Over the past month, we have added meaningful positions to managed portfolios in Kinder Morgan (natural gas logistics, pays six percent dividend); Rio Tinto ( one of world’s largest mining companies providing broad range of metals and minerals including copper, aluminum, and iron ore, pays six percent dividend);
Teck Resources (Canadian mining company producing copper, zinc and metallurgical coal). All representing historically strong and well-managed companies believed to be up to the task of producing the raw materials needed for energy expansion to meet the growing AI explosion.
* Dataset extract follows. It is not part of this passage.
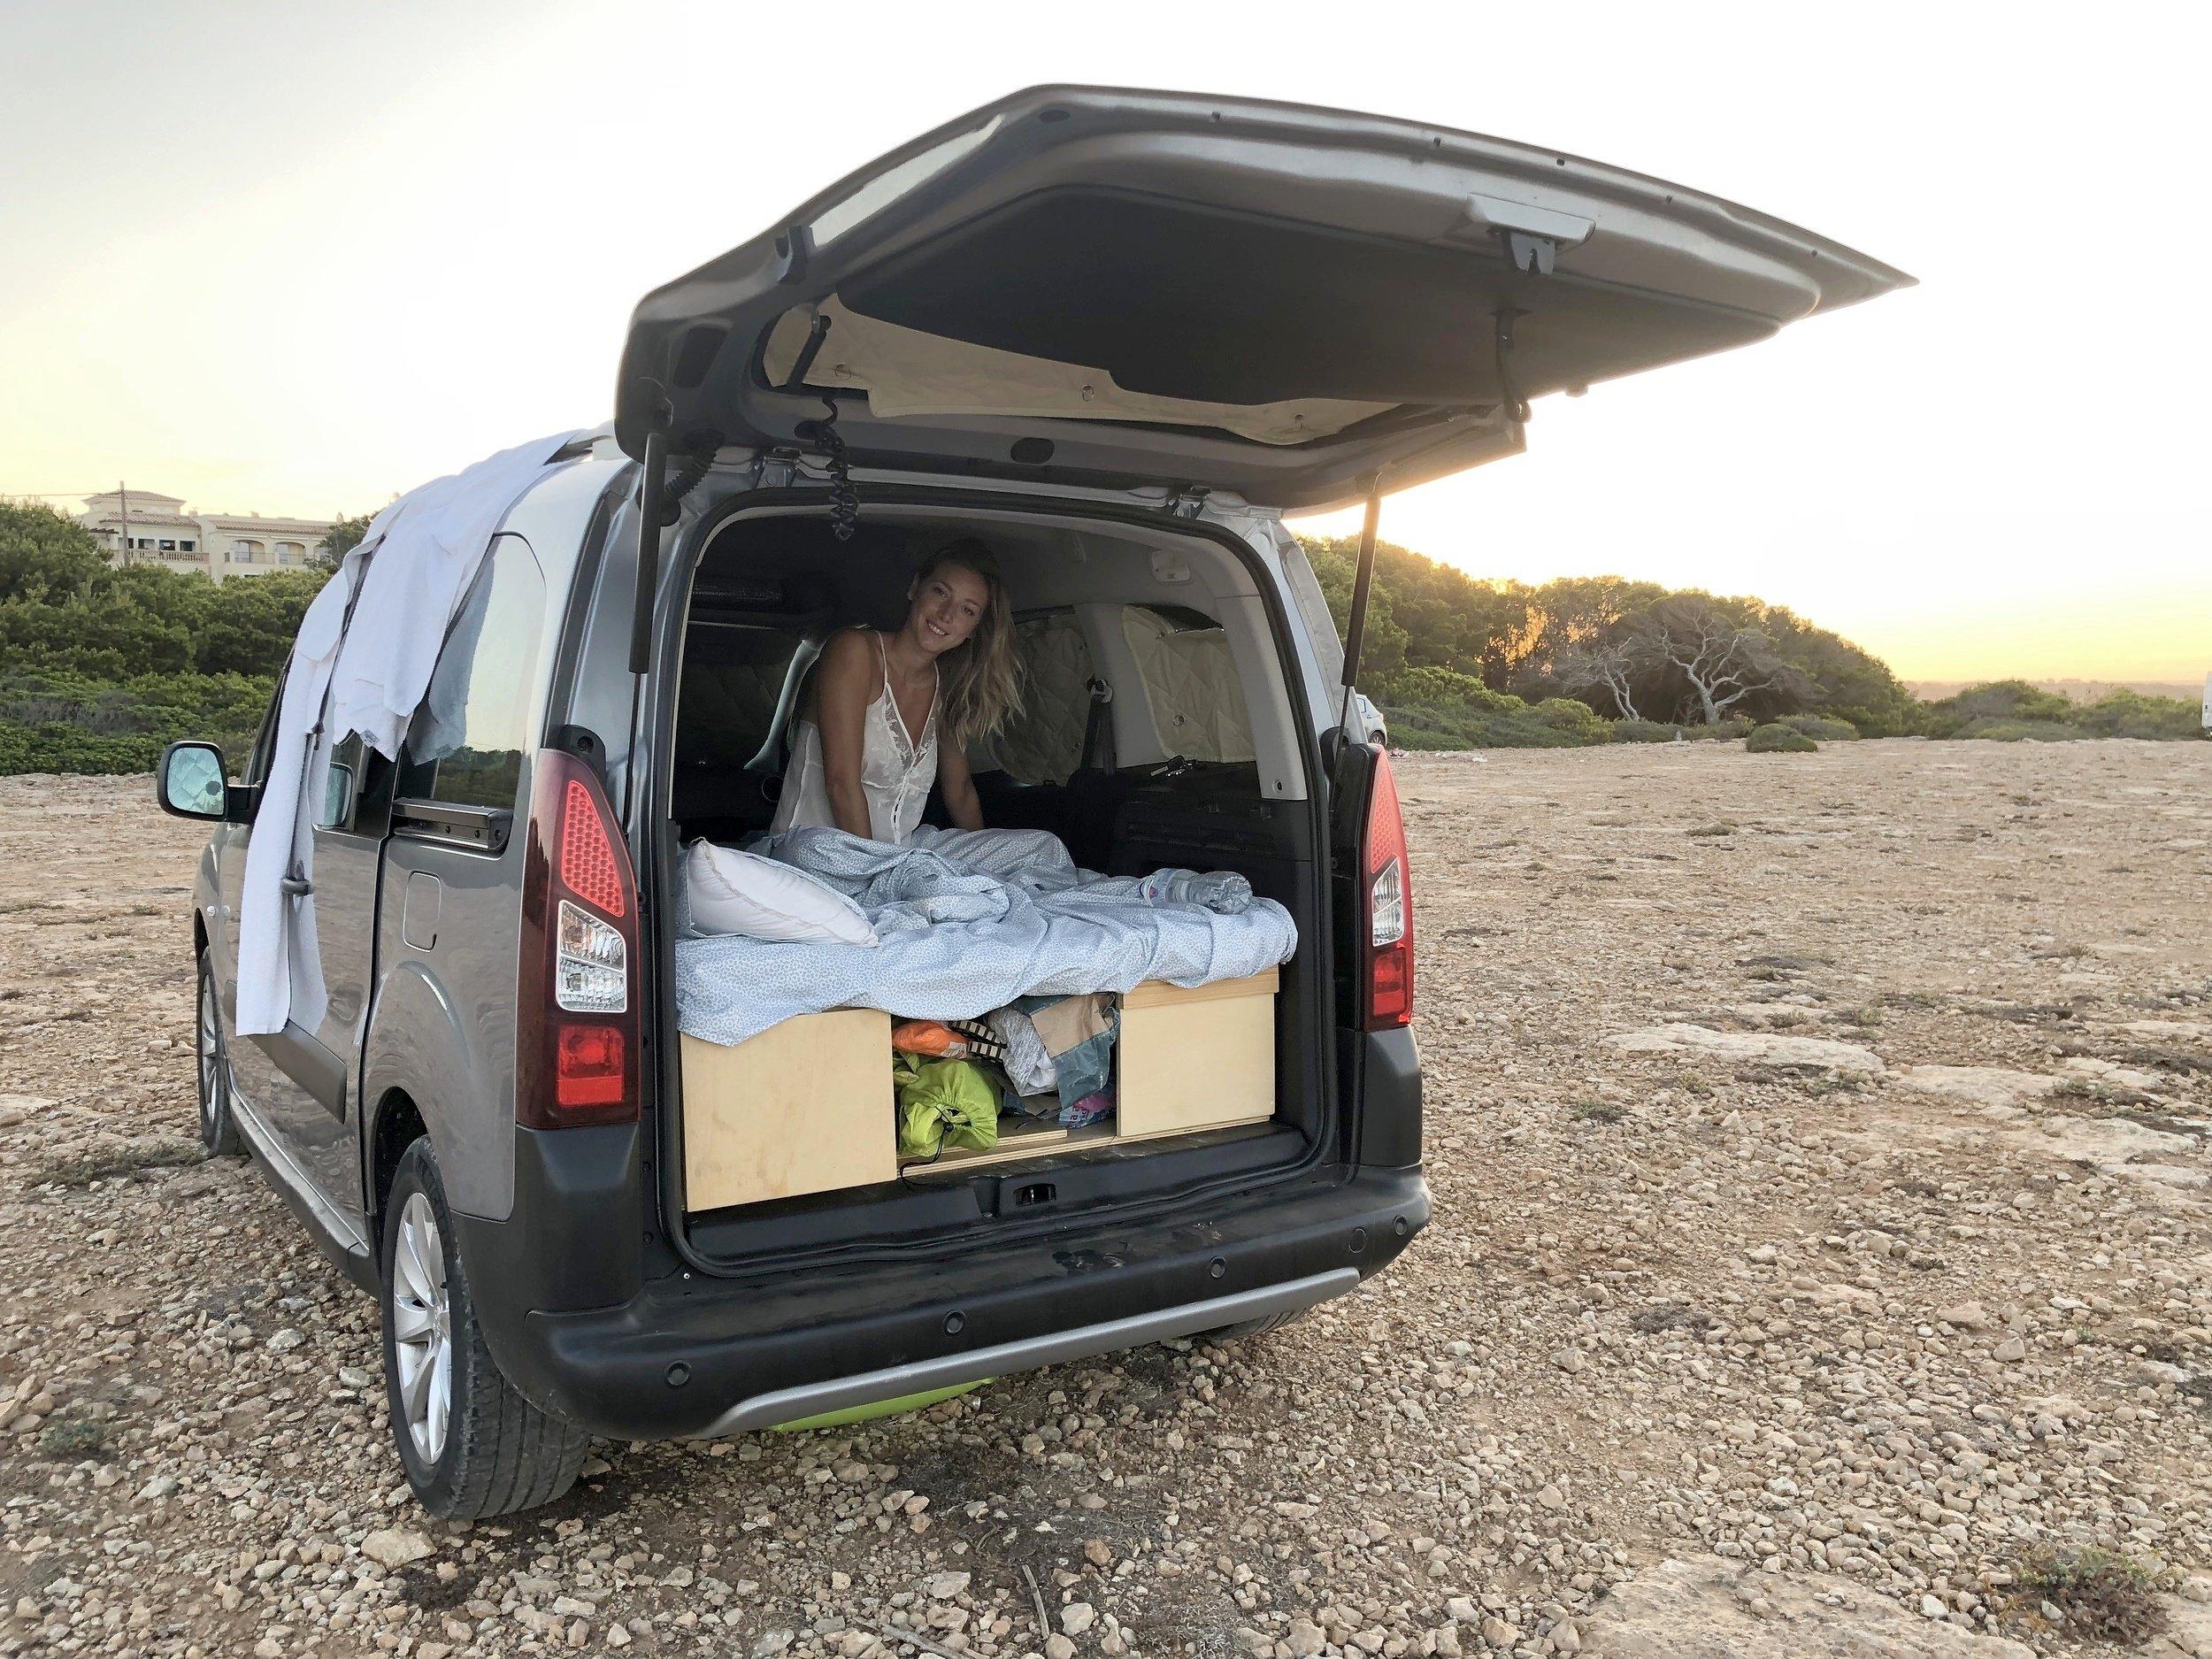 Alquiler Camper Gran Volumen Palma Peugeot Partner Teppe Multiadventure 2018 Yescapa
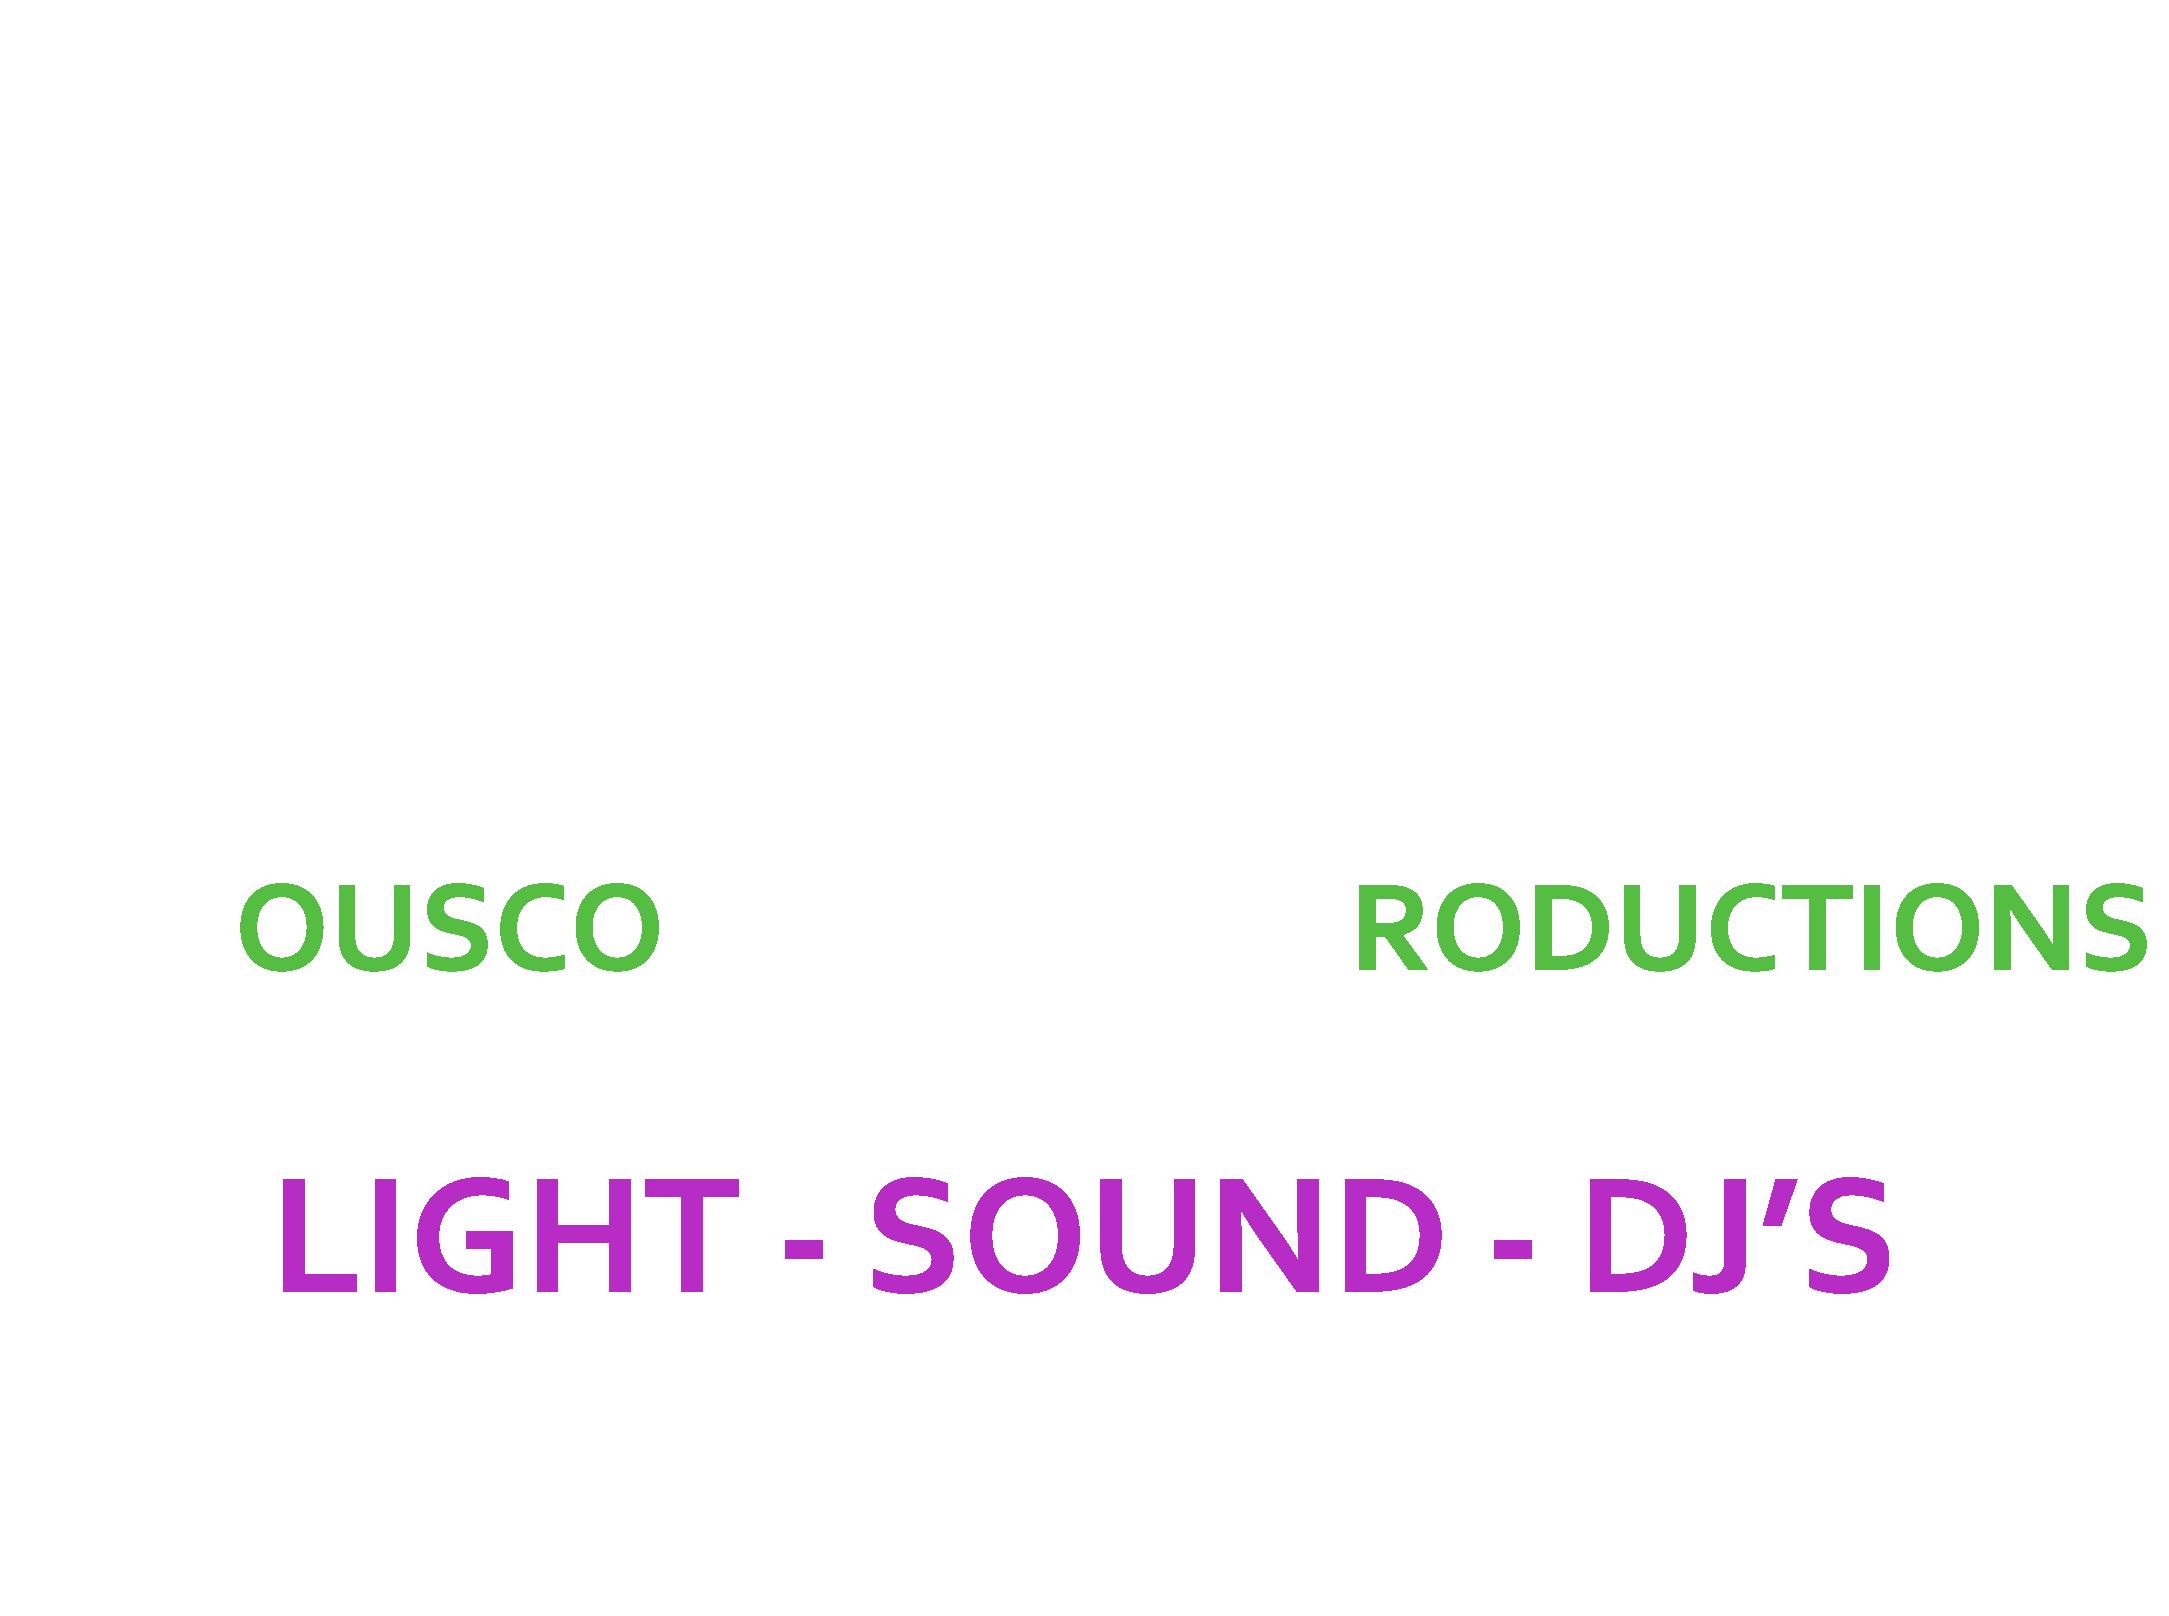 Rousco Productions

James has also identified Albermare Corporation as an investment option to meet the lithium needs of the EV industry. Investment in lithium producers is not for the faint of heart and currently is being added in only small increments to the portfolios of our much younger clients with a very long investment horizon. As that investment option becomes less volatile, we will consider adding it to a broader portion of our managed accounts. Our current goal is to allocate as much as five percent of the total portfolio to these raw material positions. In that process, our total equity allocation could also increase by the same five percent. Under current economic and market conditions, we believe that the increased risk allocation is prudent to meet the inflation and longevity concerns discussed above. Also note that our long-time allocation to Adams Natural Resources Fund (PEO) investing primarily in oil and gas producing companies continues to add meaningful energy-related returns to the portfolio. We currently allocate up to four percent of the total portfolio to PEO, which has produced year-to-date total returns of over twelve percent (before IIM management fees). We will keep a sharp eye on these decisions and report as we go along throughout the year.
Our managed portfolio has traditionally held positions in three utility/infrastructure funds for both income returns (high dividends) and growth from increasing infrastructure investment. Year-to-date returns (before management fees) have been impressive as they garner their share of the AI growth: Cohen and Steers Infrastructure (UTF, 11.36% return); Gabelli Global Utility Fund (GLU, 13.59% return), Reeves Utility Income (UTG,6.96% return).
All of us at Intelligent Investment Management, LLP wish you and yours a summer filled with family, fun and sunshine!